Microsoft. Amazon. Meta. Alphabet.
All four reported earnings this week. All four did the same thing.
They raised their AI infrastructure budgets. Again.
The combined number for 2026 is now $725 billion.
Up from $670 billion three months ago. Up from around $410 billion last year.
For context: that is more than the entire GDP of Switzerland. Spent in one year. By four companies. On data centers, chips, and power.
This isn’t a forecast.
This is committed capex.
The line that should make every founder pause
There is one sentence in the Yahoo Finance write-up I keep coming back to.
“For Big Tech’s biggest companies, all signs continue to point to AI as an opportunity that presents one big risk right now — underspending.”
Read that again.
The most disciplined, cash-flow-obsessed companies on earth have collectively decided that the riskiest thing they can do right now is spend too little.
Meta dropped 6% on its earnings because investors were spooked by the size of its capex.
Meta did not blink.
Microsoft is going to $190 billion in calendar 2026. Up from a $150 billion run rate in January. CFO Amy Hood told investors $25 billion of that is just from rising chip prices.
Amazon is sitting at $200 billion and is now projected to go negative free cash flow by almost $17 billion this year, according to Morgan Stanley.
These are companies willingly torching their cash flow profile to stay in the race.
That should tell you something.
This isn’t a tech story. It’s a power story.
Most people read these numbers and think AI bubble.
I read them and see something else.
A massive, multi-year, irreversible capital reallocation. Not because boards are excited. Because they are scared of being on the wrong side of it.

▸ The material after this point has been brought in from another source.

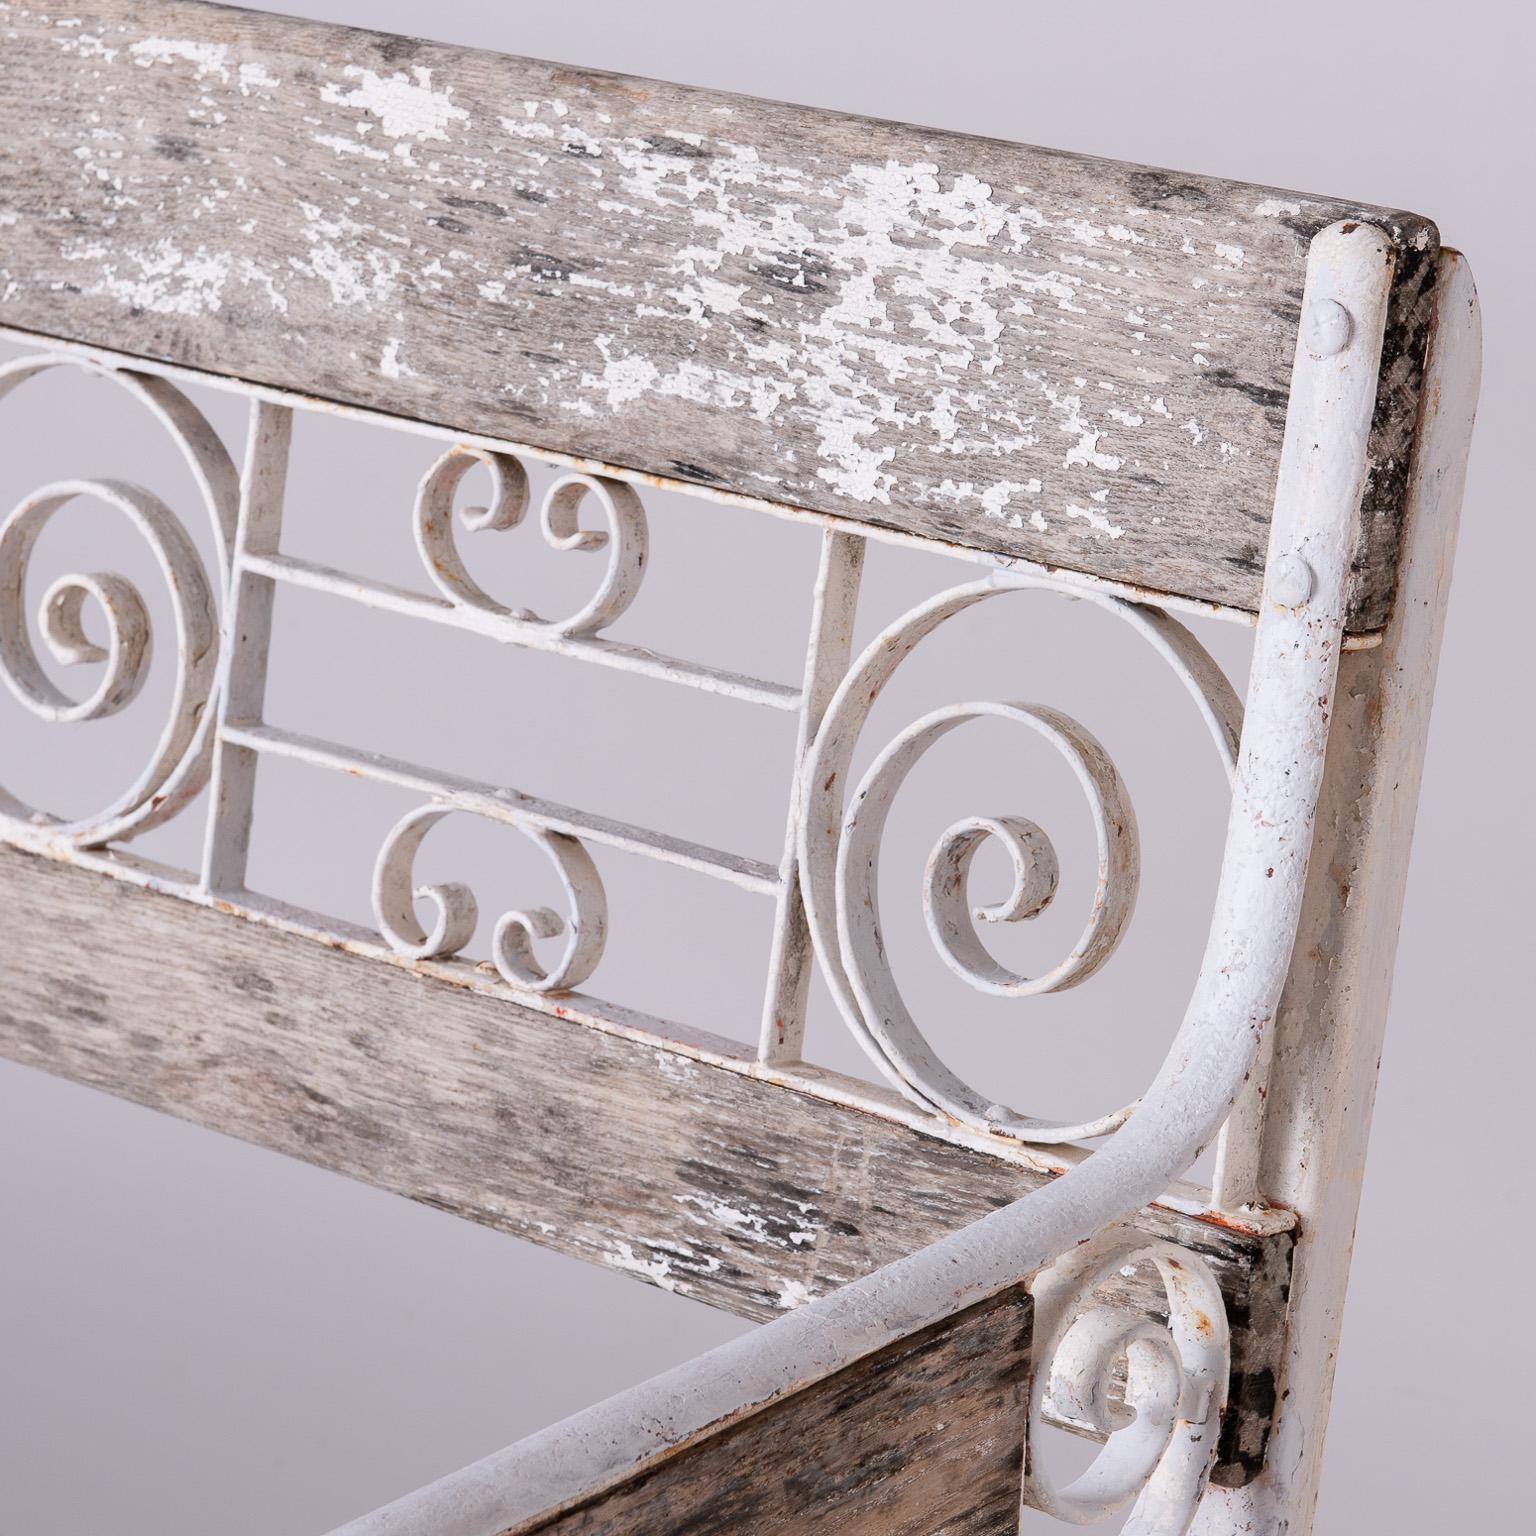 Featuring a classic combination of wood and wrought iron in a decorative pattern, this bench came from a hotel in Vichy, France, a town known for its luxurious spas and healing waters. The wood is nicely aged with traces of white paint remaining,

When Satya Nadella tells investors he is “confident in the return on these investments, given higher demand signals,” that is a CEO writing checks his board would have called insane three years ago.
When Amazon admits its capex now exceeds internal cash generation and they need to tap debt markets, that is not exuberance.
That is conviction.
Morgan Stanley and JP Morgan estimate the tech sector will need to issue around $1.5 trillion in new debt over the next few years just to finance the build-out.
That money is not going into branding decks.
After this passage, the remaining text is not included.